**EXERCISE OBJECTIVE:**
Leave out the pictures, and print exactly the lines from the one holding "Cheap Norfolk Broads" through the last line of the material.

**DATASET EXTRACT:**
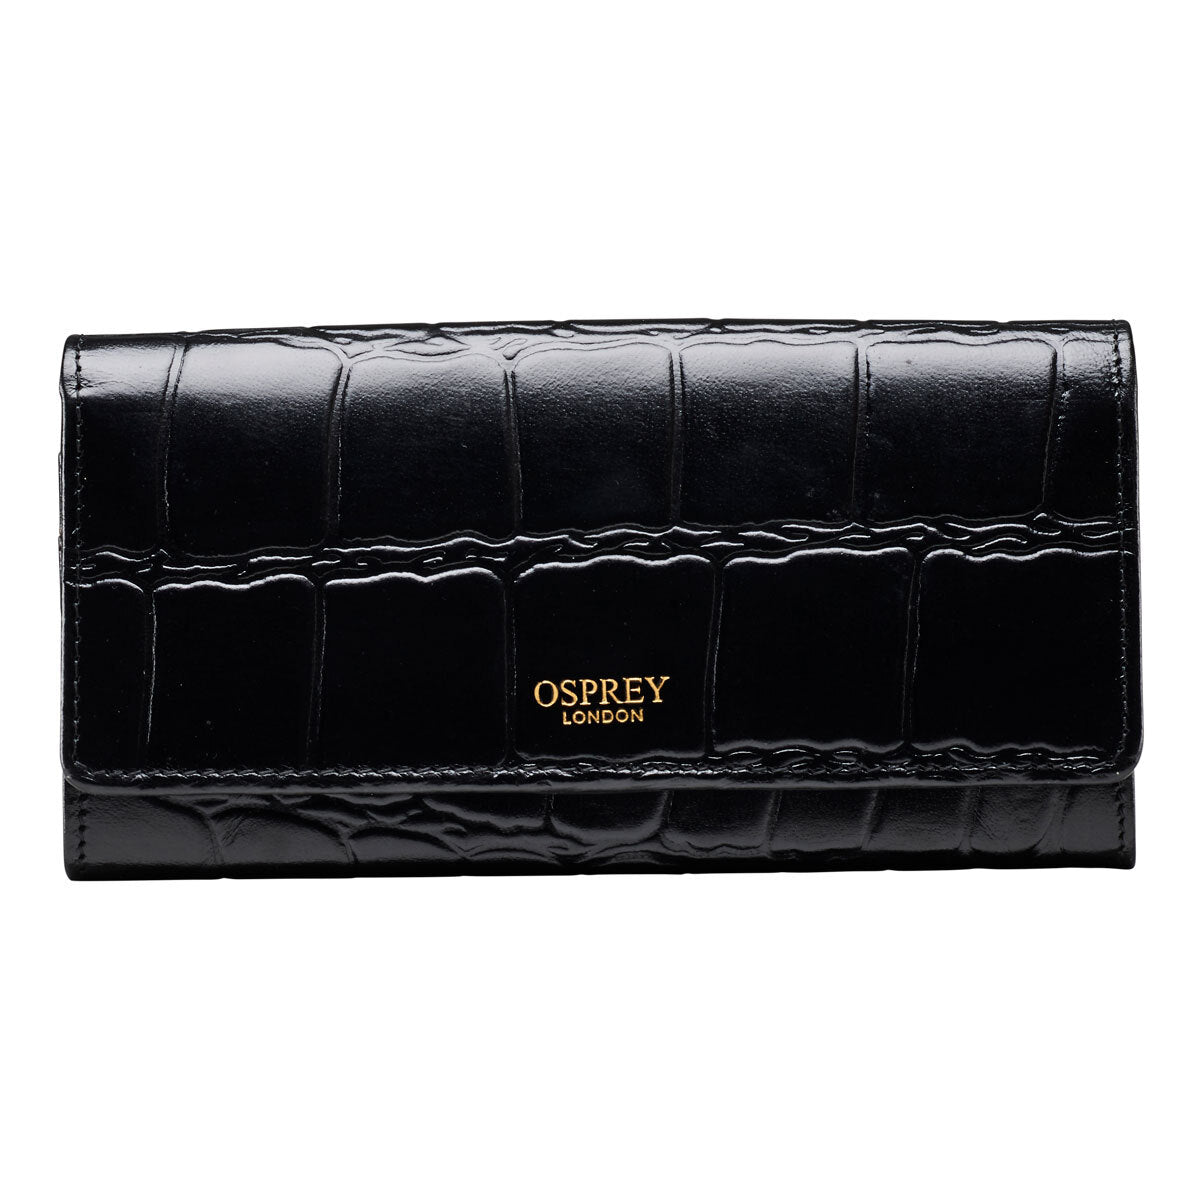 Osprey London Julia Croc Leather Women's Purse with Gift Box
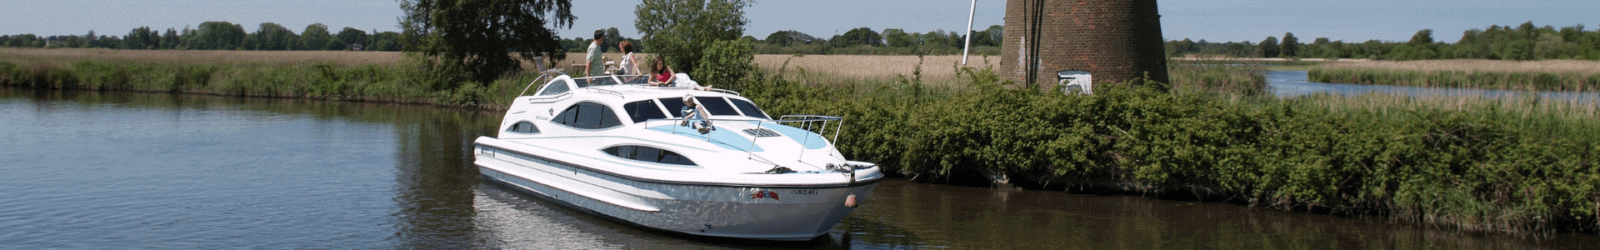 Cheap Norfolk Broads Hire Boats from Barnes Brinkcraft Wroxham
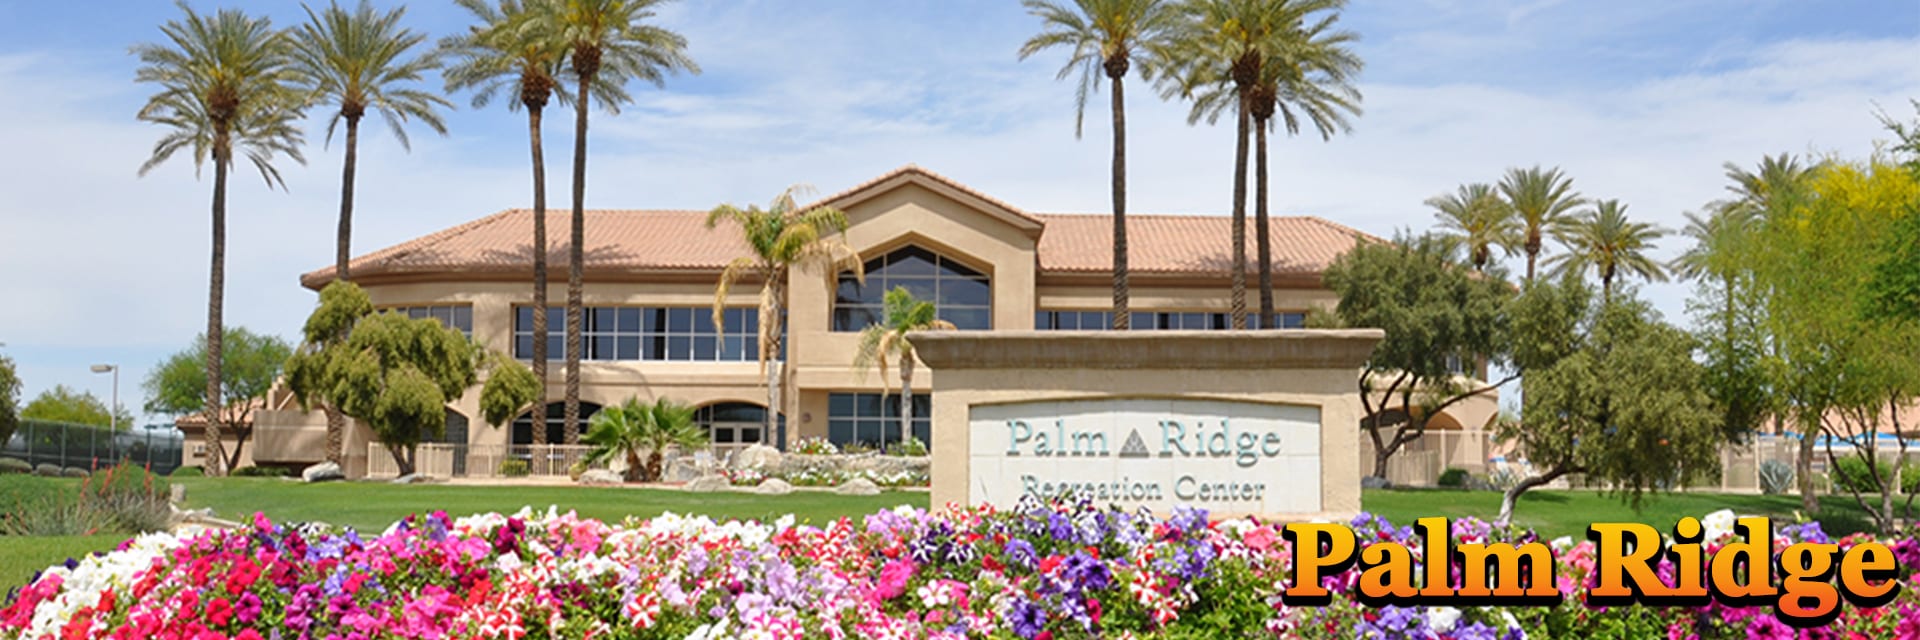 Palm Ridge Recreation Center at Sun City West AZ

**TASK RESULT:**
 Cheap Norfolk Broads Hire Boats from Barnes Brinkcraft Wroxham
 Palm Ridge Recreation Center at Sun City West AZ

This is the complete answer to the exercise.